Man after the flesh strives only after present things for he knows not Christ in heaven. The Christian, though knowing Christ, has also the flesh, and there is ever the danger of his heart being drawn away from Christ by what the present scene can give. Paul realised that what appeals to the natural man is a hindrance to the apprehension of the knowledge of Christ in glory, and so was glad to be rid of them. For Christ, he could say, "I have suffered the loss of all things, and do count them but dung, that I may win Christ." The vessel that was once filled with the treasures of this world had been emptied, but God had filled it with abiding, heavenly treasure, even the excellency of the knowledge of Christ at His right hand.
How proud Saul had been of his legal righteousness, for as touching the righteousness of the law he was blameless. None could point a finger at him. Now he seeks the righteousness of God in Christ. In the light of Christ's glory his garment of legal righteousness is seen but as filthy rags, something to be rid of; instead he has the best robe of God's providing; he is found in Christ before God, where no charge of guilt can be brought against him. Paul has nothing now outside of Christ: he here shows that the truth of righteousness, which he had written to the saints at Rome, possessed his own heart.
Christ was so attractive to Paul that he only desired to "know Him." He had known Christ from the day he was apprehended on the way to Damascus, but he desired to be constantly deepening in acquaintance with his heavenly Master who had made Himself indispensable to him. He also desired to know in his life, day by day, the power of His resurrection, the divine power that took Christ out of death and that would make him superior to every trial and difficulty, and triumphant over every foe in his witness for Him. This devoted servant of Christ also sought to suffer for righteousness sake, because Christ so suffered, and he would also die a martyr's death, because his Master died in this way, and because he would come out of death in resurrection, as did his Lord. Christ so filled his vision that he desired to be like Him in every possible way.

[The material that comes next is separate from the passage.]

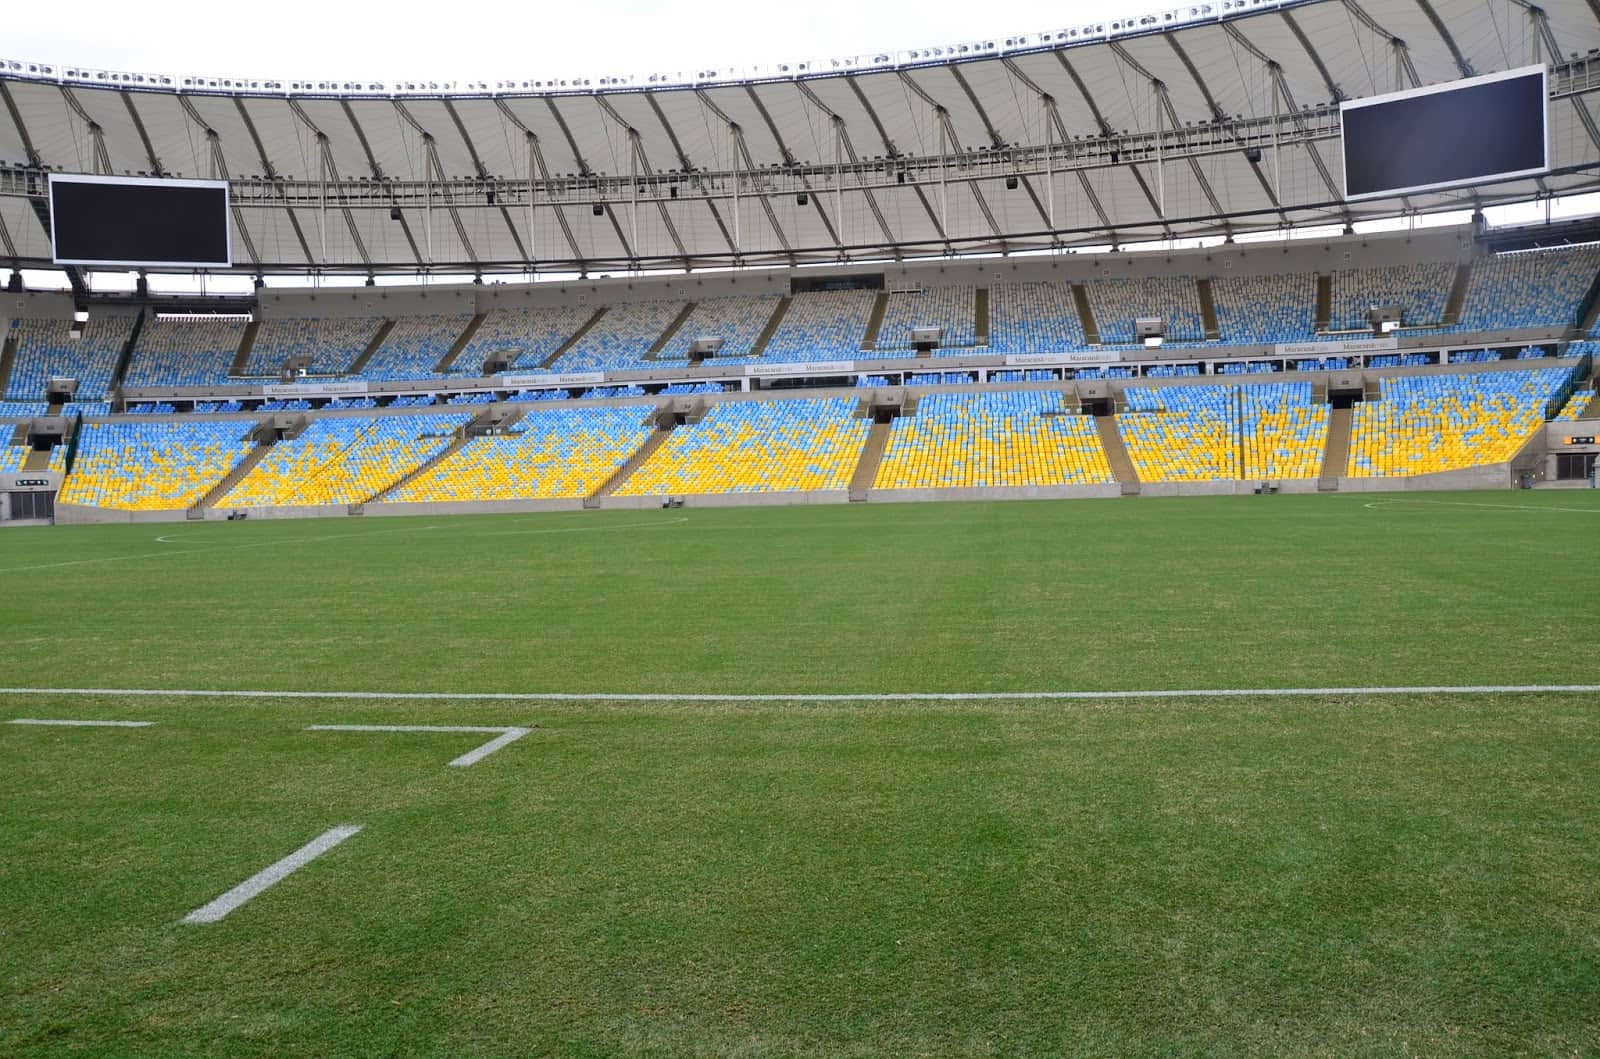 View from the visitors' bench at Estádio do Maracanã in Rio de Janeiro, Brazil

Very soon we shall leave this world for ever, and according to the call and grace of God we shall share the glory with Christ in the coming day. The prize of "the calling on high of God in Christ Jesus" which so held the heart of the beloved apostle Paul is to hold our hearts also. The prize is in Christ in glory, and it was this that made it so valuable and attractive to Paul. Are our poor hearts likewise attracted? Is Christ in the glory the all-absorbing object of our hearts? Alas! so often the hearts of the saints are held by some trivial present thing. We need the exhortation of the apostle John, "Little children, keep yourselves from idols." Everything else that would hold our hearts; anything that would challenge Christ's right to fill the heart is an idol. Let us see to it that nothing is allowed into our hearts or into our lives that would hinder our being held by the attractiveness of Christ in the glory.